Doch bald einmal machte Küng sein Innerschweizer Stierengrind Scherereien. “Aus dem Land Wilhelm Tells habe ich natürlich eine gewisse Standfestigkeit mitbekommen, die Hierarchen oft missfällt”, sagt er heute. Schon 1957 veranlasste die Doktorarbeit, mit der er an der Sorbonne abschloss, den Vatikan zur Anlage eines Inquisitionsdossiers.

Die Universität Tübingen dagegen fand dieselbe Arbeit – für viele ein Grundlagenwerk der Ökumene – so beeindruckend, dass sie den erst 32-jährigen Küng nach drei Jahren Vikariat an der Luzerner Hofkirche zum Professor für Fundamentaltheologie machte.
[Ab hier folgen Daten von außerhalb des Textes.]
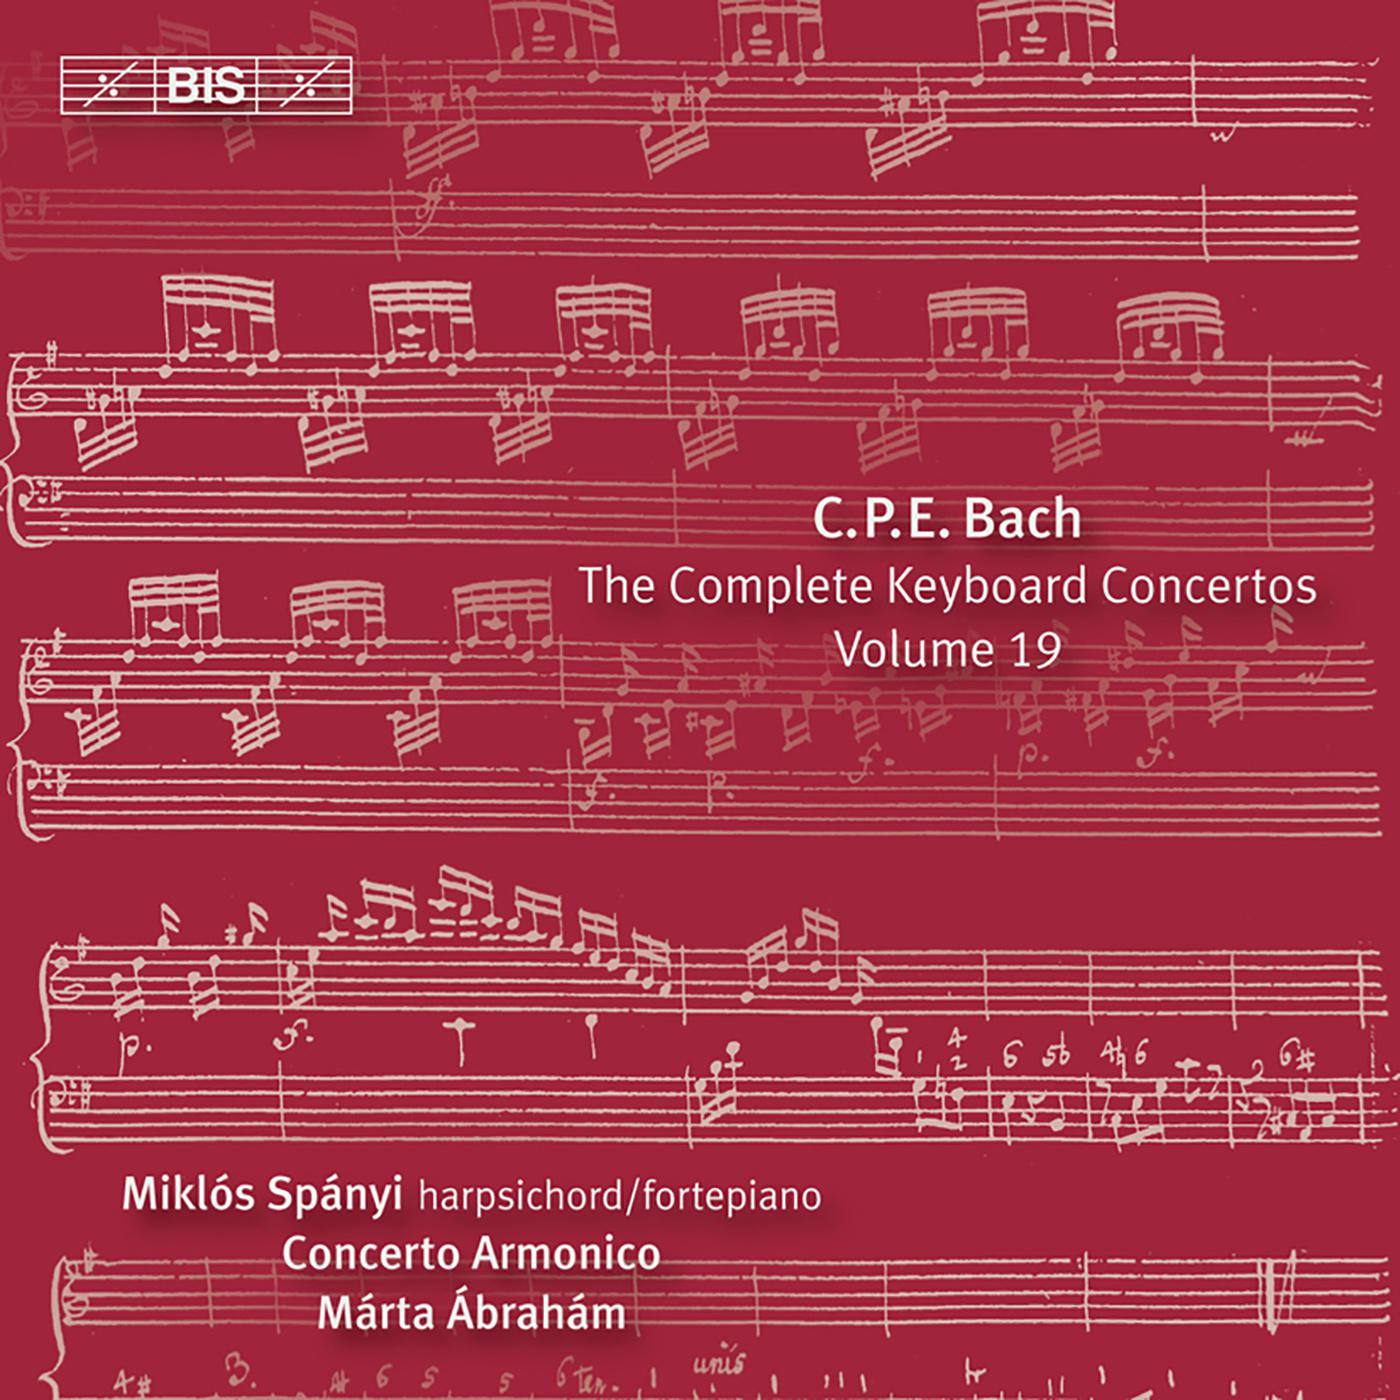 BACH, C. P. E.: Keyboard Concertos Complete, Vol. 19 Spa nyi, Concerto Armonico Budapest  Keyboard Concertos, Wq. 43 56, 44, 45

Verfemt aber nicht mundtot

Neben seiner Lehrtätigkeit publizierte Küng Bücher, die weit über Fachkreise hinaus gelesen wurden. Darunter 1970 der Bestseller “Unfehlbar? Eine Anfrage”, der den jahrelangen Konflikt mit dem Vatikan eröffnete.

Der Bannstrahl der Kirche machte ihn 1979 keineswegs mundtot. Er stellt bis heute die Unfehlbarkeit des Papstes in Frage und setzt sich ein für die Abschaffung von Zölibat und für die Erlaubnis von Familienplanung und Priesterinnenweihe.

Papst und Gegenpapst vereint

Zum Erstaunen vieler wurde Küng 2005 von Papst Benedikt XVI. zur Audienz geladen. Allerdings wurden strittige Kirchenthemen beim Gespräch bewusst ausgeklammert, sagt Küng. Thema sei vor allem das Projekt der 1995 gegründeten Stiftung Weltethos gewesen. Küng hat es initiiert und leitet die Stiftung als Präsident.

Angesichts der Polarisierungen zwischen fanatischen Muslimen, Christen und Juden könnte Küngs Weltethos-Anliegen aktueller kaum sein. Statt auf Abgrenzung setzt er auf den allen Religionen gemeinsamen ethischen Kern für eine bessere Entwicklung der Menschheit. “Ohne Weltethos kein Weltfriede”, lautet seine Devise.

Mit dem Papst dürfte Küng auch über alte Zeiten geplaudert haben. Die beiden lehrten einst gemeinsam in Tübingen. Und wenn es regnete, nahm Küng den Velofahrer Ratzinger jeweils in seinem Alfa Romeo (allerdings ein unspektakulärer Giulia) mit – Papst und Gegenpapst im selben Schlitten.

swissinfo und Agenturen

Hans Küng ist 1928 in Sursee im Kanton Luzern geboren.
Studium der Philosophie und Theologie in Rom, 1955 Ordination zum katholischen Priester.
Ab 1960 Ordentlicher Professor Uni Tübingen.
1962/65: Offizieller Berater des 2. Vatikanischen Konzils, zusammen mit Joseph Ratzinger, dem jetzigen Papst Benedikt XVI.
1966: Küng holt Ratzinger nach Tübingen.
Bis 1996 Lehrstühle Uni Tübingen.
1995 Präsident Stiftung Weltethos.
Zahlreiche Gastprofessuren, zahlreiche Dr. h.c., zahlreiche Preise.